## Weight Initialization explained | A way to reduce the vanishing gradient problem

### text

### Weight initialization explained

In this episode, we'll talk about how the weights in an artificial neural network are initialized, how this initialization affects the training process, and what we can do about it!

In an artificial neural network, we know that weights are what connect the nodes between layers. To kick off our discussion on weight initialization, we're first going to discuss how these weights are initialized, and how these initialized values might negatively affect the training process.

With this in mind, we'll then explore what we can do to influence how this initialization occurs. Then, we'll see how we can specify how the weights for a given model are initialized in code using Keras.

### How are weights initialized?

So, how are weights even initialized in the first place? We briefly touched on this concept in our
episodes on backpropagation. Recall there, we mentioned that weights are
*randomly initialized*.

To elaborate, whenever we build and compile a network, the values for the weights will be set with random numbers. One random number per weight. Typically, these random numbers will be normally distributed such that the distribution of these numbers has a mean of \(0\) and standard deviation of \(1\).

So, how does this random initialization impact training? To see this, let's consider the following example.

#### Random initialization example

Suppose that our neural network's input layer has \(250\) nodes, and for simplicity, suppose that the value of each of these \(250\) nodes is \(1\).

Now, let's focus only on the weights that connect the input layer to a single node in the first hidden layer. In total, there will be \(250\) weights connecting this node in our first hidden layer to all the nodes in the input layer. (See the corresponding video for an illustration.)
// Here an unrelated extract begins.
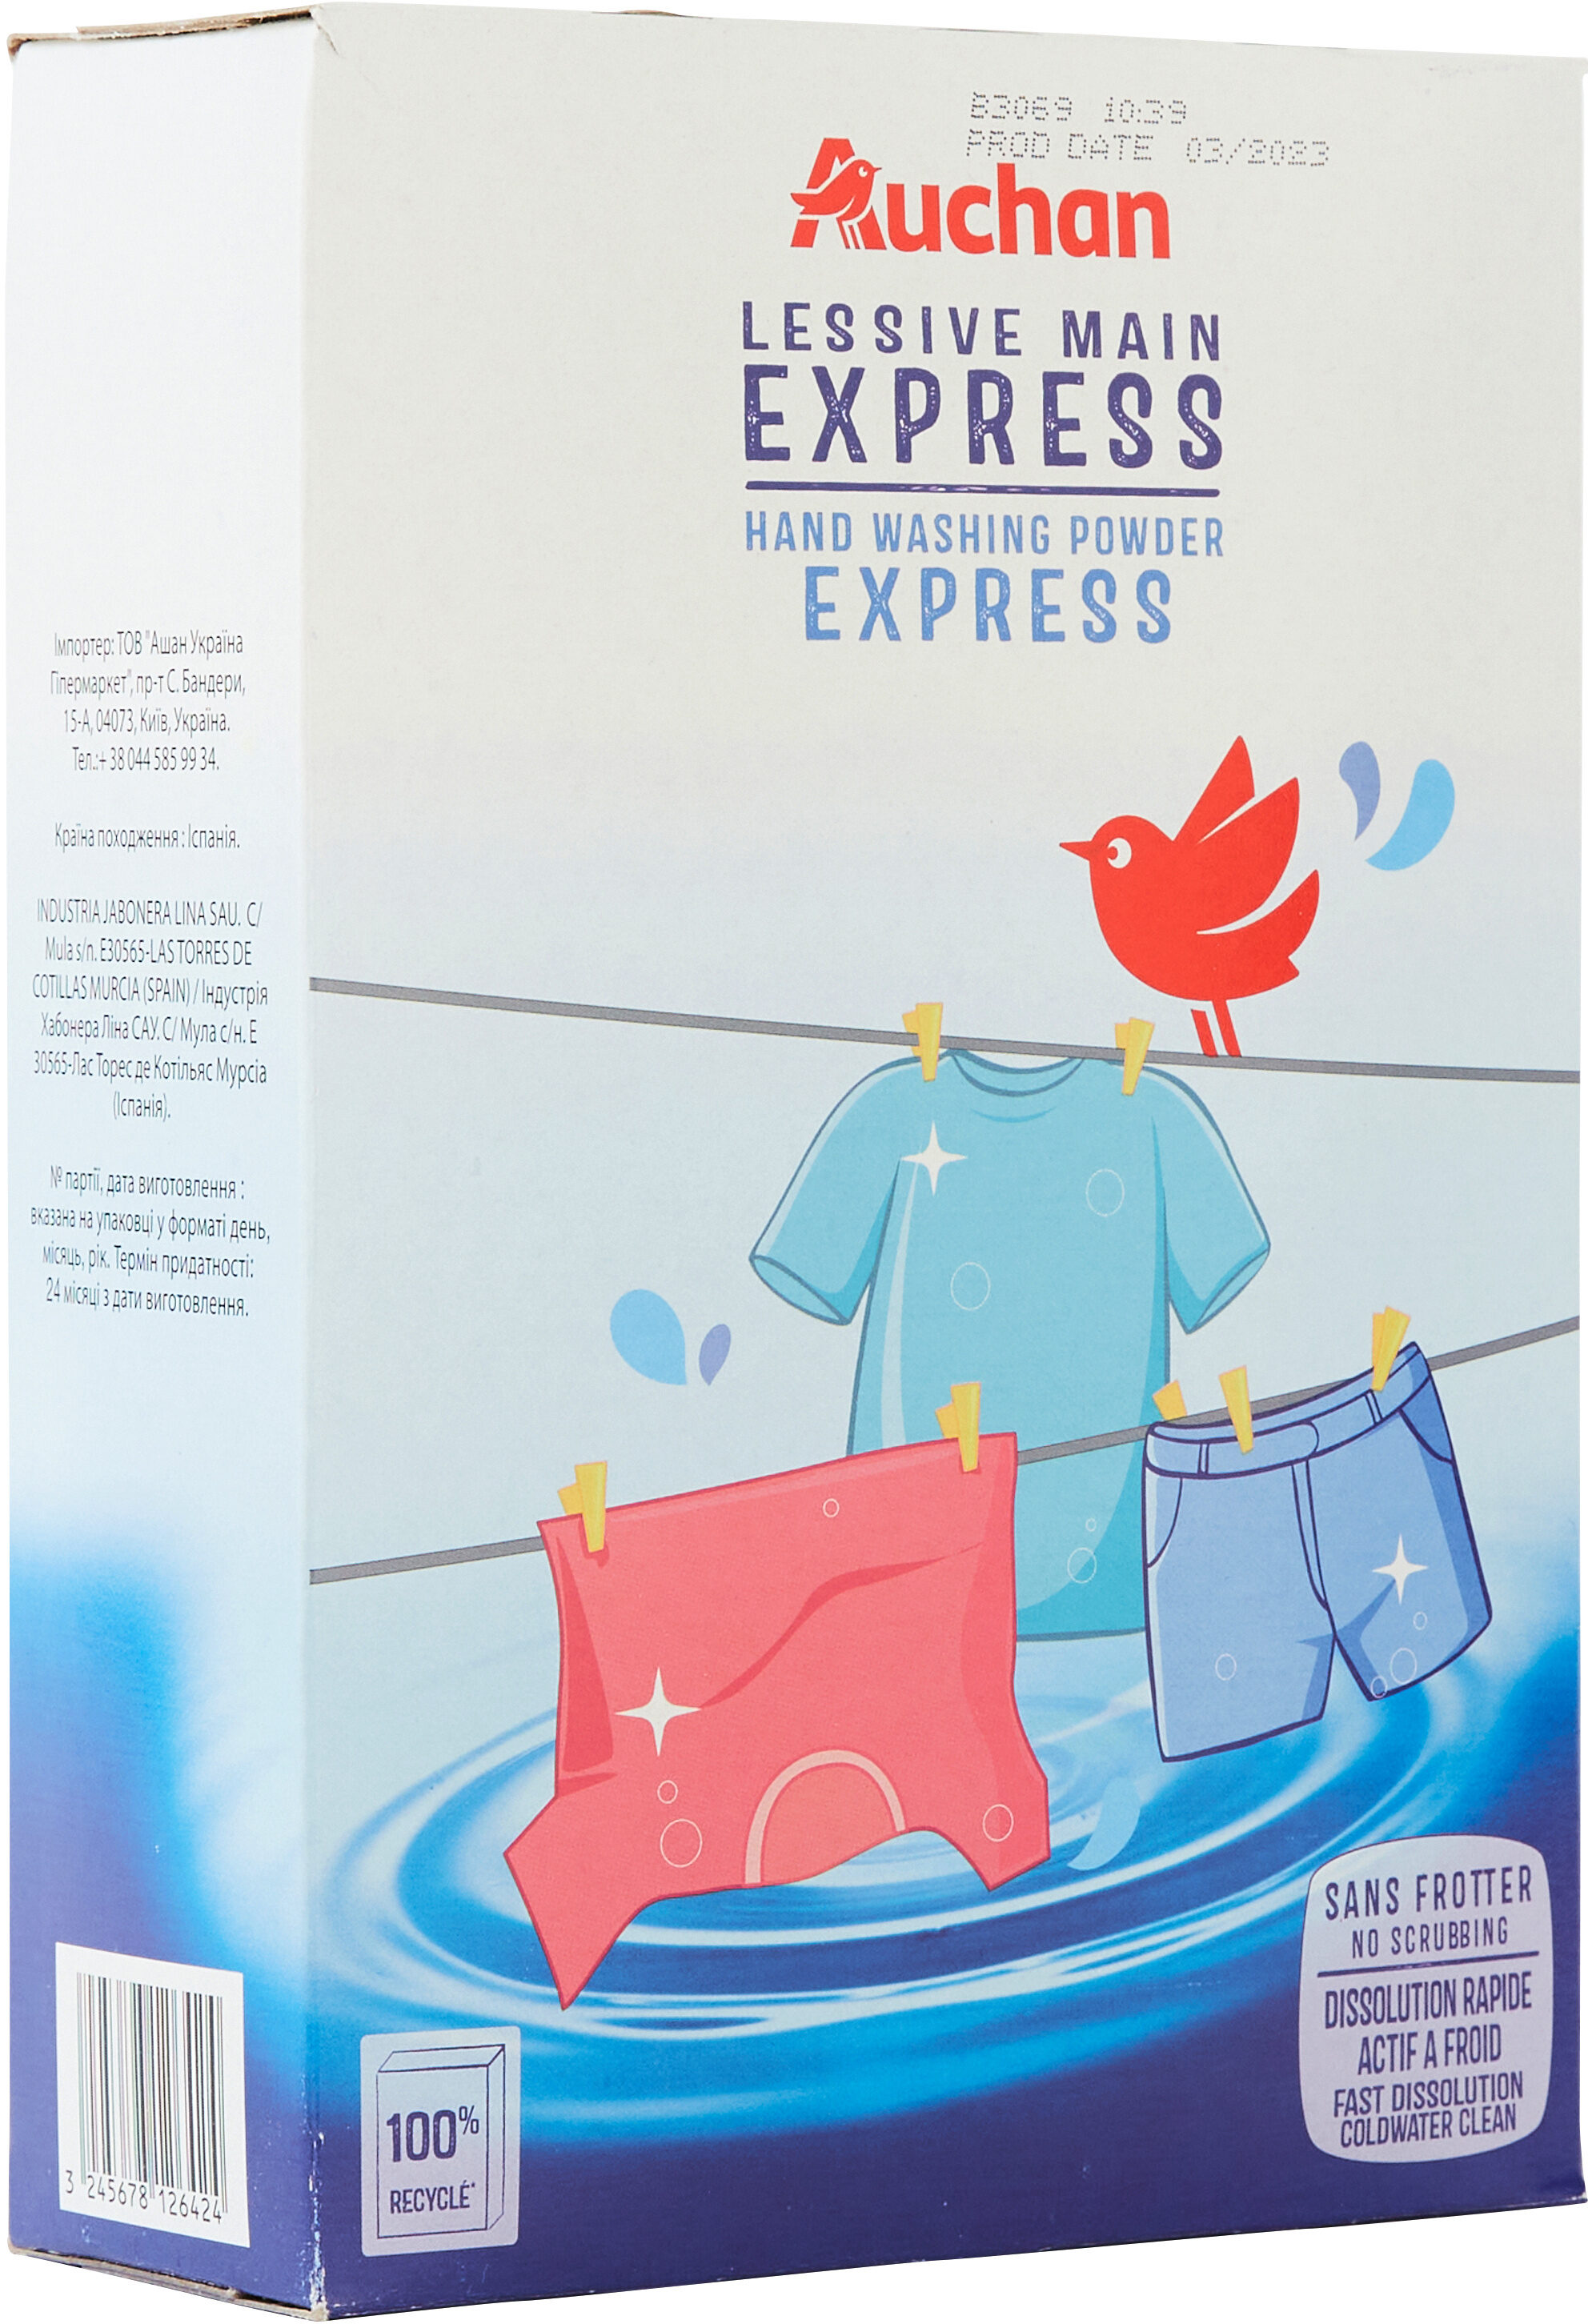 Auchan Lessive main Express - Produit - fr

Now, each of these weights were randomly generated and normally distributed with a mean of \(0\) and a standard deviation of \(1\). So, what does this mean for the weighted sum, \(z\), that this node accepts as input?
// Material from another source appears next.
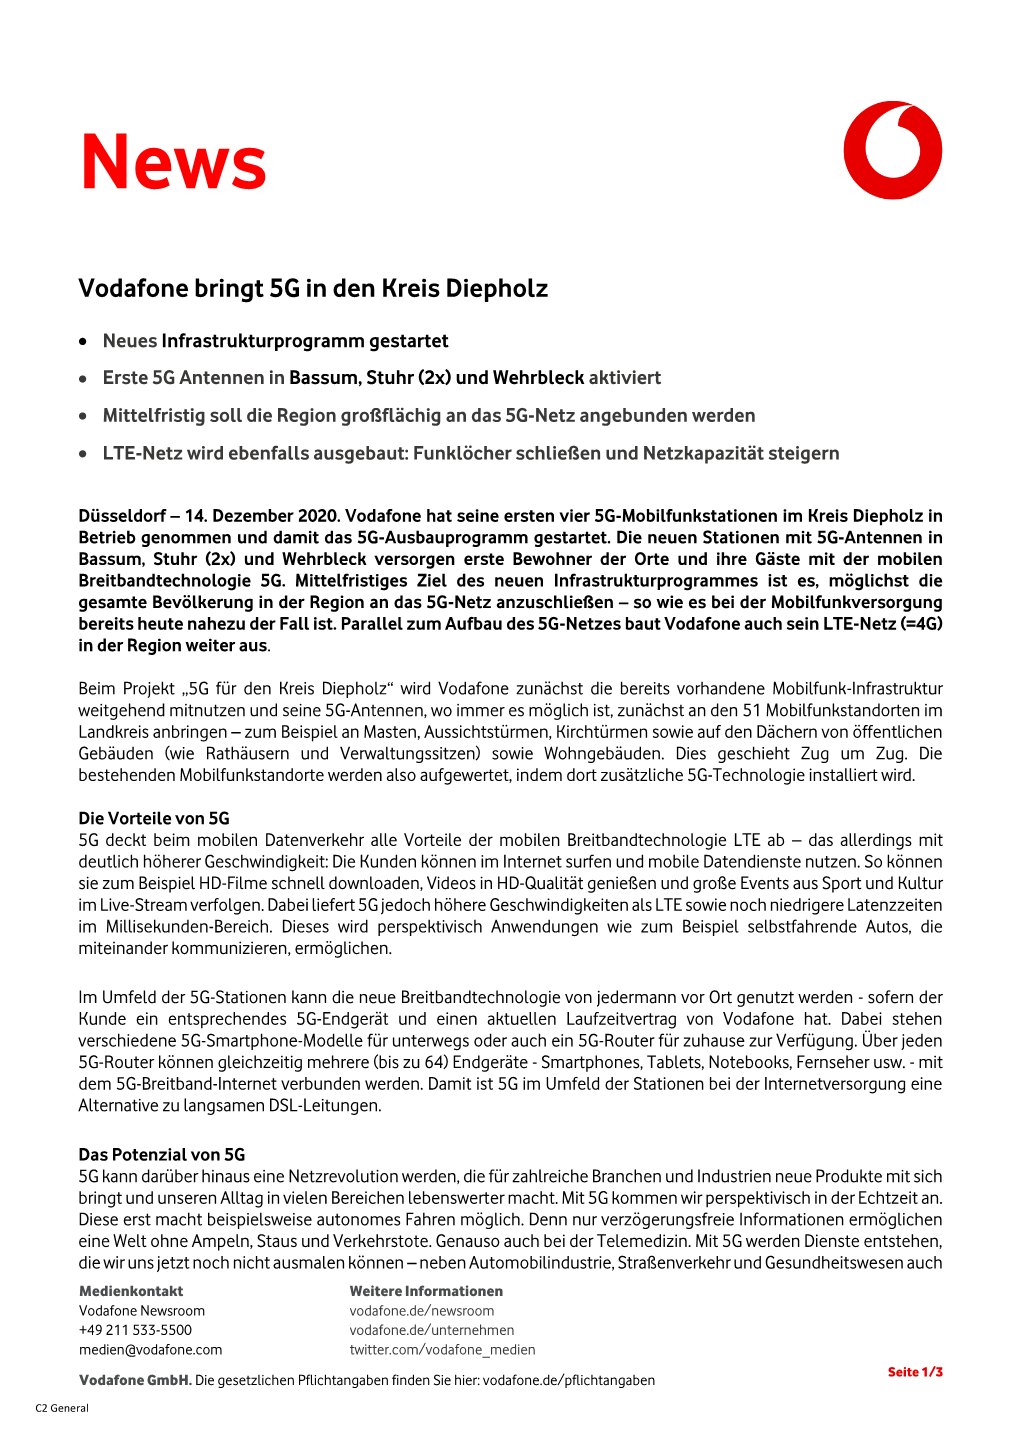 Vodafone Bringt 5G in Den Kreis Diepholz

Note, in our case, all the input nodes have a value of \(1\), so each weight in \(z\) will be multiplied by a \(1\), so \(z\) becomes just a sum of the weights.

So back to how this random initialization affects \(z\), more specifically we want to know what this means for the variance of \(z\). (Stick with me for a sec, we'll see why we care about this in a minute.)
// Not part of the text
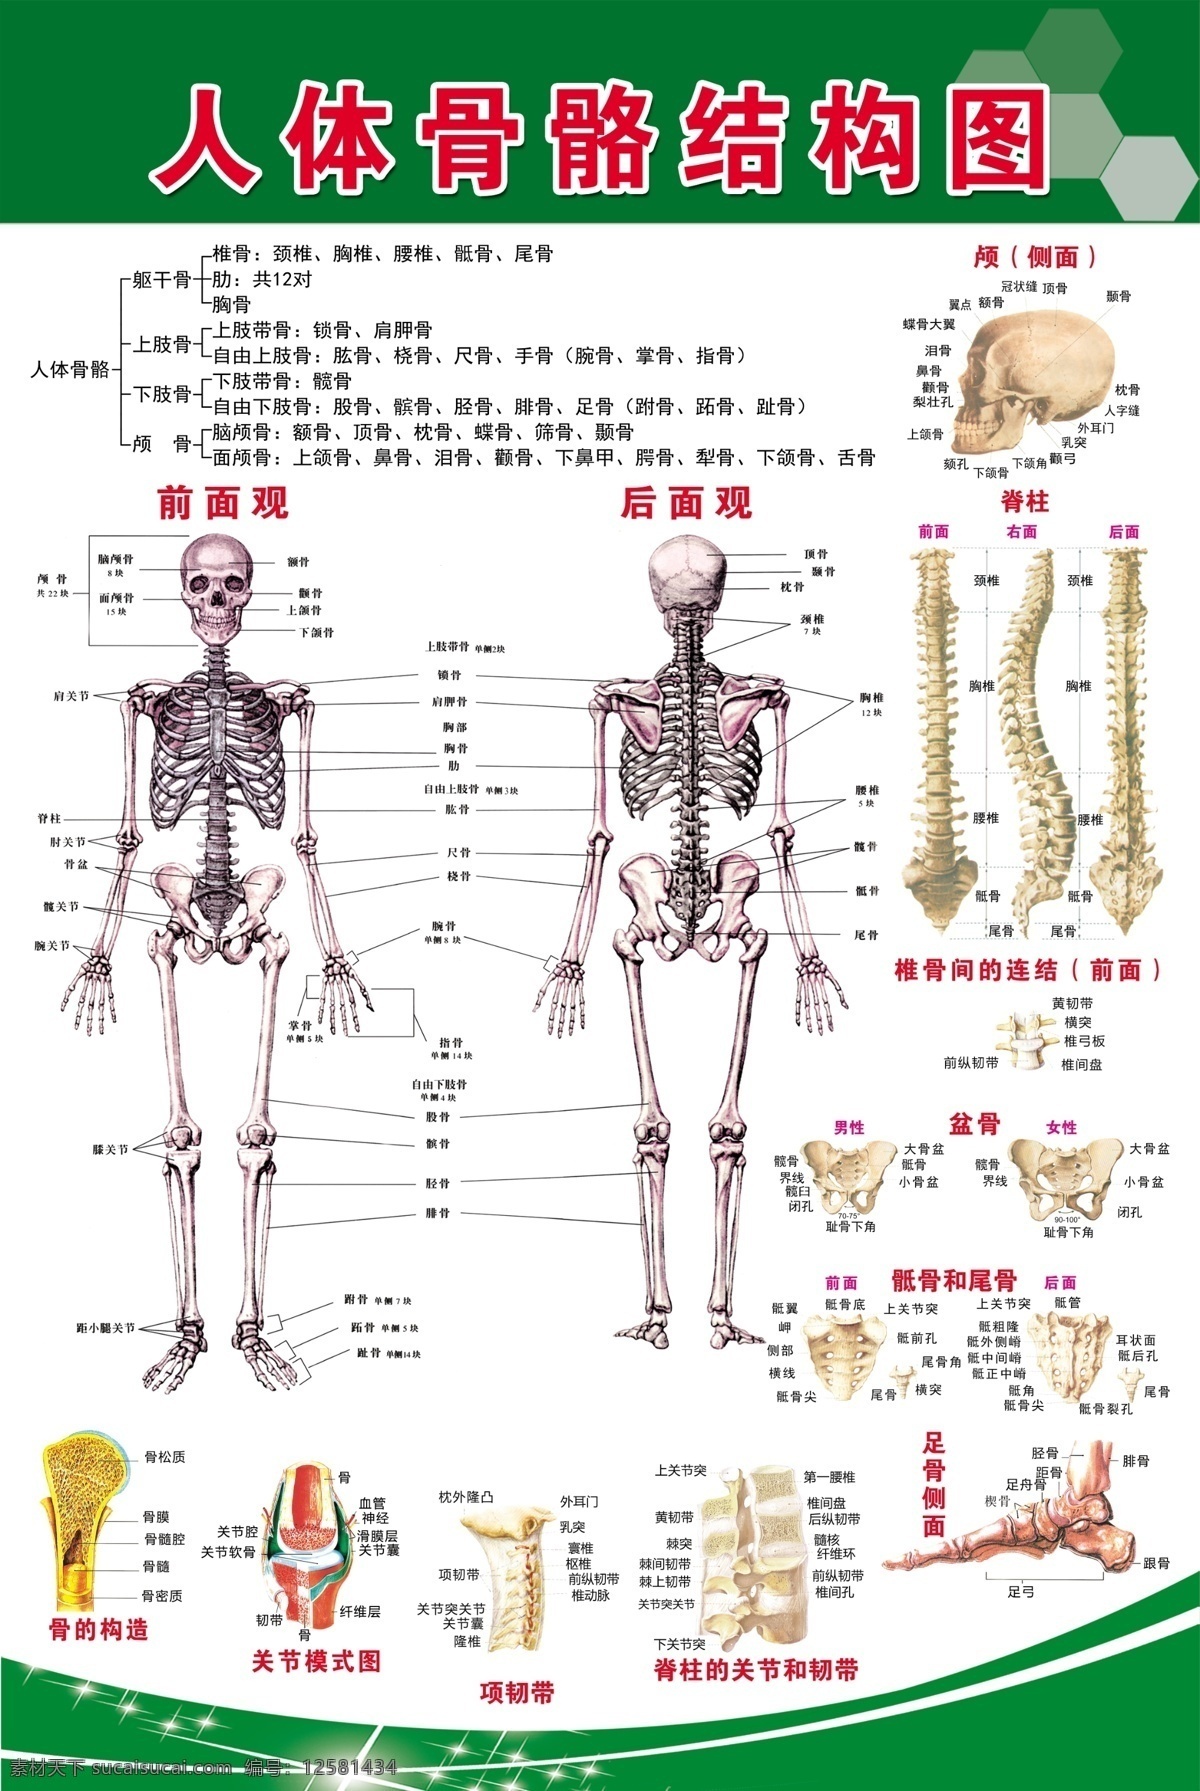 人体 骨骼 结构图 骨骼结构 头骨 脊椎 工作资源 展板模板

Well, \(z\), as a sum of normally distributed numbers with a mean of \(0\), will also be normally distributed around \(0\), but its variance, and similarly its derived standard deviation, will be larger than \(1\).

That's because the variance of a sum of independent random numbers is the sum of the variances of each of these numbers. So, since the variance for each of our random numbers is \(1\), that means the variance of \(z\), which is the sum of these \(250\) numbers, is \(250\).

Taking the square root of this value, we see that \(z\) has a standard deviation of \(15.811\).

So looking at the normal distribution of \(z\), we see that it's quite broader than a normal distribution with a standard deviation of \(1\).

With this larger standard deviation, the value of \(z\) is more likely to take on a number that is significantly larger or smaller than \(1\). When we pass this value to our activation function, then, if we're using sigmoid, for example, we know that most positive inputs, especially these that we're saying will be significantly larger than \(1\), will be mapped to the value \(1\). Similarly, most negative inputs will be mapped to \(0\).

If you're a little shaky on the concept of activation functions, be sure to check out the earlier episode that covers this concept in detail.

#### Problems with random initialization

If the desired output from our activation function is on the opposite side from where it saturated, then during training, when SGD updates the weights in attempts to influence the activation output, it will only make very small changes in the value of this activation output, barely even incrementally moving it in the right direction.

Thus, the network's ability to learn becomes hindered, and training is stuck running in this slow and inefficient state.

These problems that we've discussed so far with weight initialization also contribute to the vanishing and exploding gradient problem.

Given this random weight initialization causes issues and instabilities with training, can we do anything to help ourselves out here? Can we change how weights are initialized?

I'm glad you asked. Yes, yes we can.

### Xavier initialization

In hindsight, we should be able to look back at the problems we've discussed and trace them back to being caused by the weighted sum taking on a variance that is decently larger, or smaller, than \(1\). So to tackle this problem, what we can do is force this variance to be smaller.

How do we do this?

Well, since the variance of the input for a given node is determined by the variance of the weights connected to this node from the previous layer, we need to shrink the variance of these weights, which will shrink the variance of the weighted sum.

Some researchers identified a value for the variance of the weights that seems to work pretty well to mitigate the earlier problems we discussed. The value for the variance of the weights connected to a given node is \(1/n\), where \(n\) is the number of weights connected to this node from the previous layer.

So, rather than the distribution of these weights be centered around \(0\) with a variance of \(1\), which is what we had earlier, they are now still centered around \(0\), but with a significantly smaller variance, \(1/n\).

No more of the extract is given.